* WHAT TO WORK ON *
Each line below from the line with "riyogems 1pc quartz" to the line with "Кругозор плюс!, газета. 2009 №4 стр.14" must be copied exactly, including those two, and no picture may appear in the copy.

* PROVIDED DATA *
Content starts

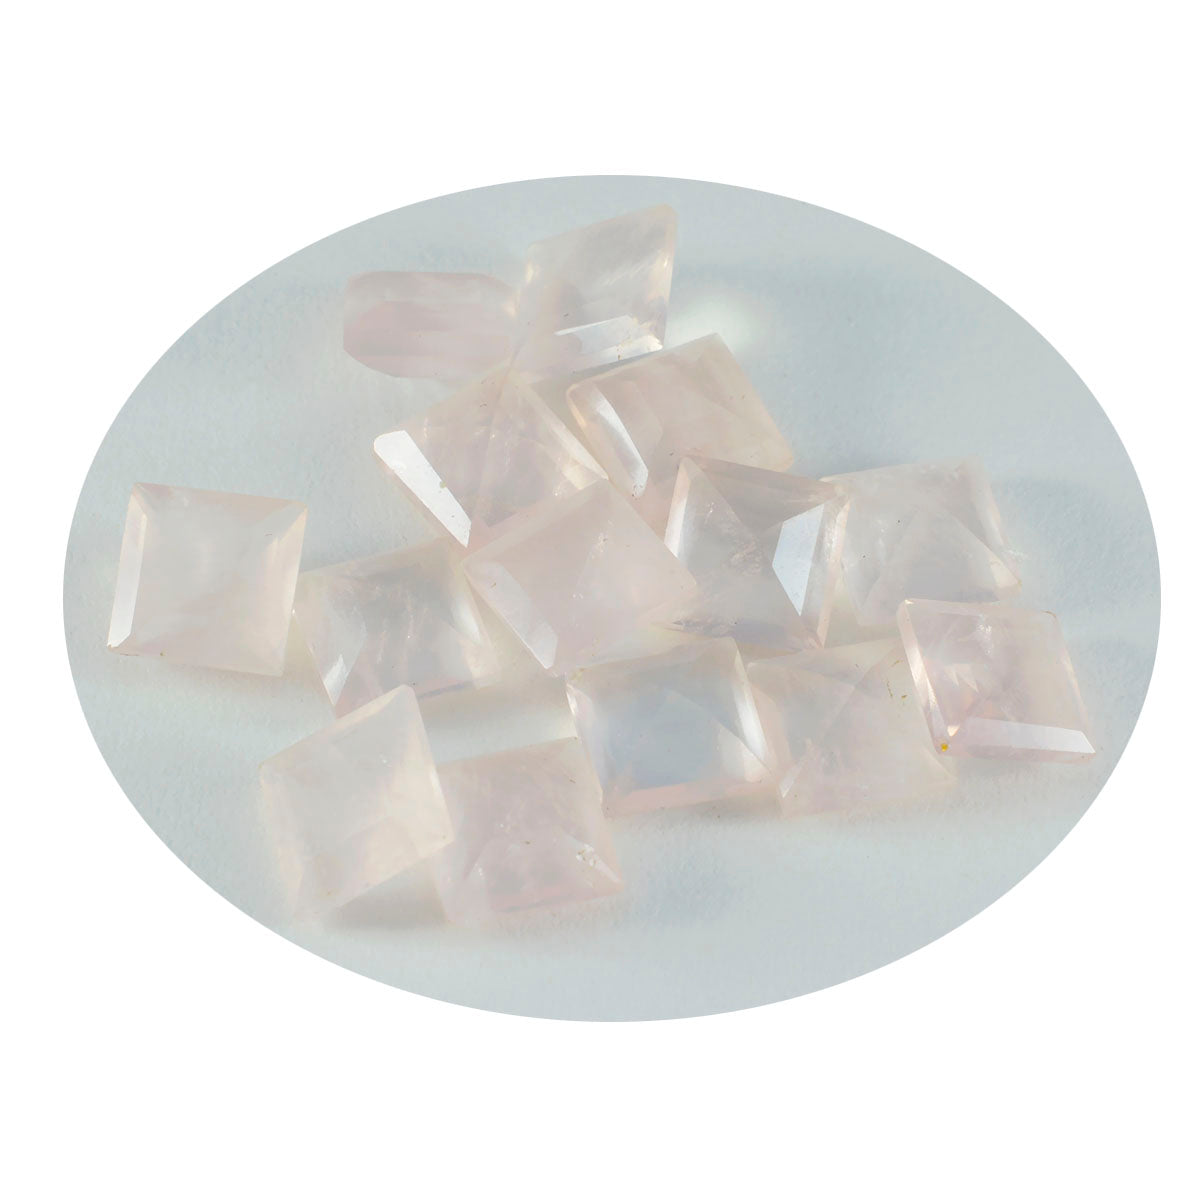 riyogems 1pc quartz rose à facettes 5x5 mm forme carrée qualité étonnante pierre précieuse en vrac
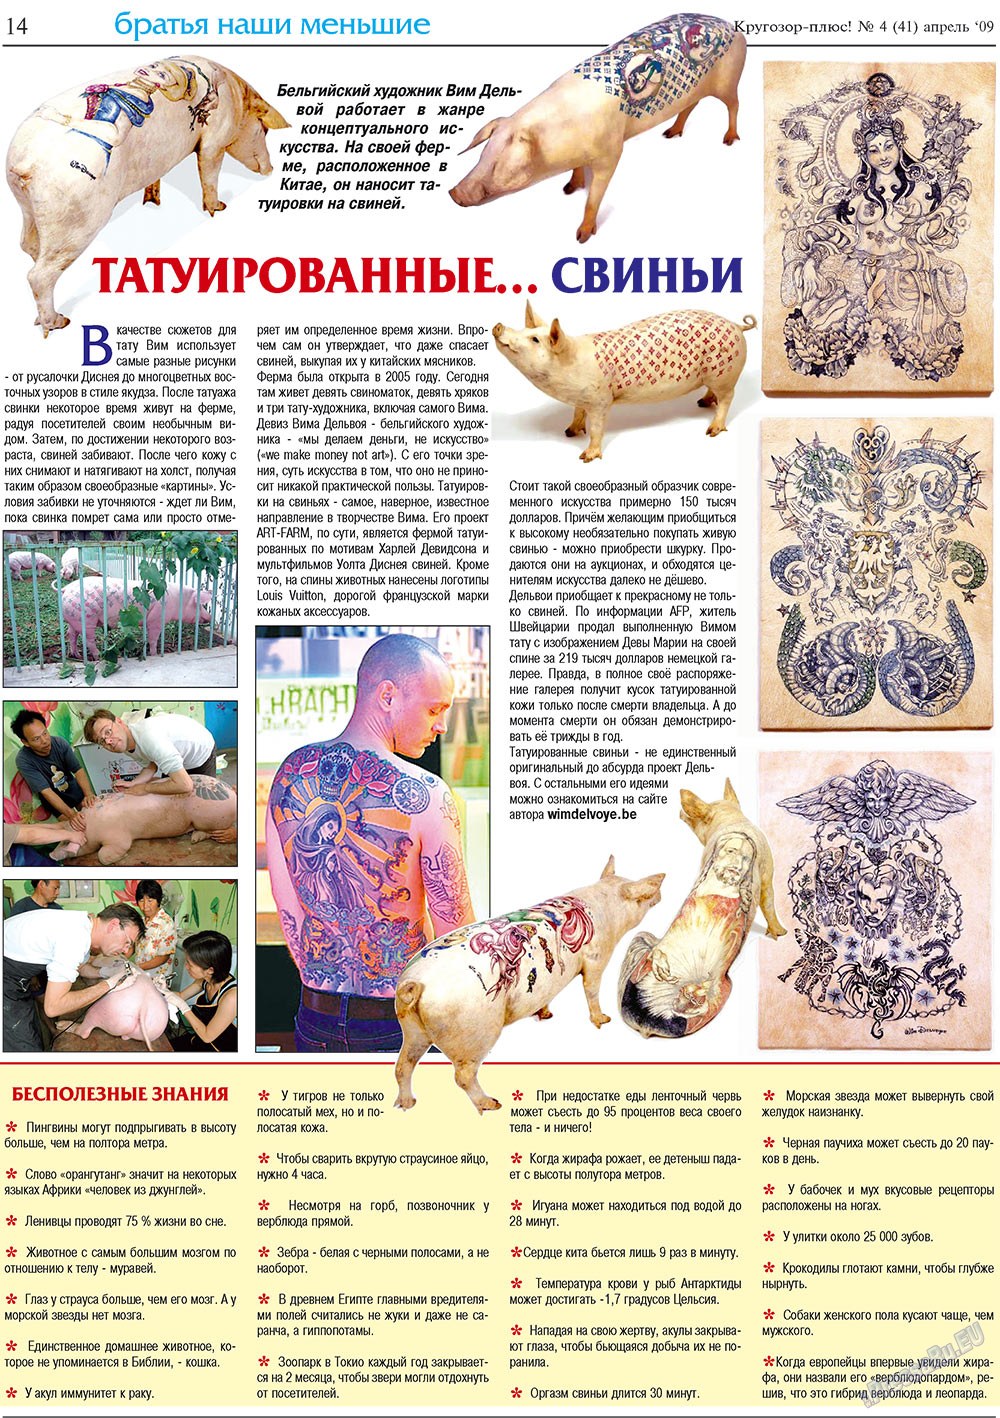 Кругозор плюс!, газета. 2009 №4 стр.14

Content ends
Content starts

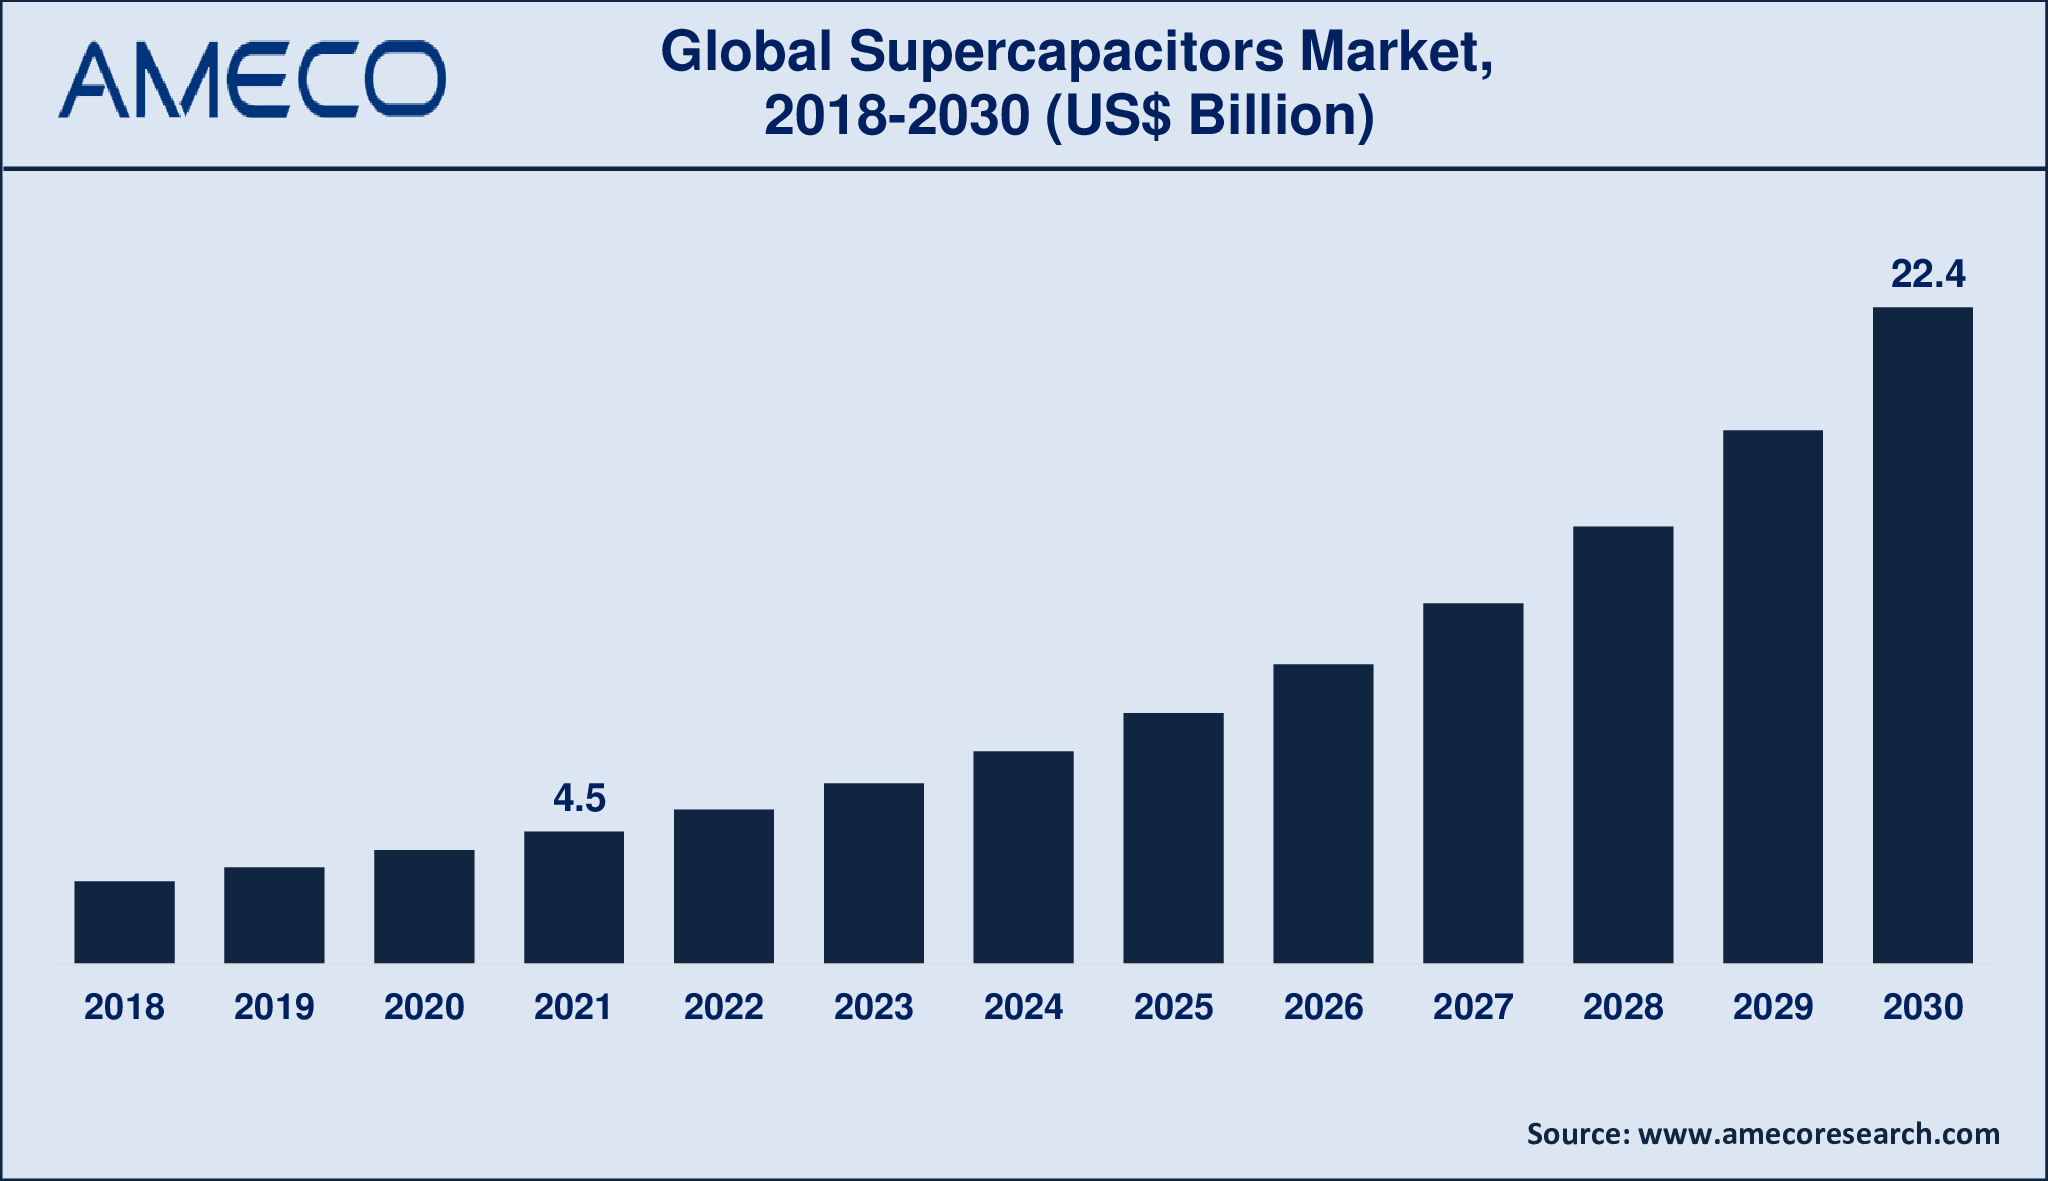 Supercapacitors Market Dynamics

Content ends

* ANSWER TO THIS EXERCISE *
 riyogems 1pc quartz rose à facettes 5x5 mm forme carrée qualité étonnante pierre précieuse en vrac
 Кругозор плюс!, газета. 2009 №4 стр.14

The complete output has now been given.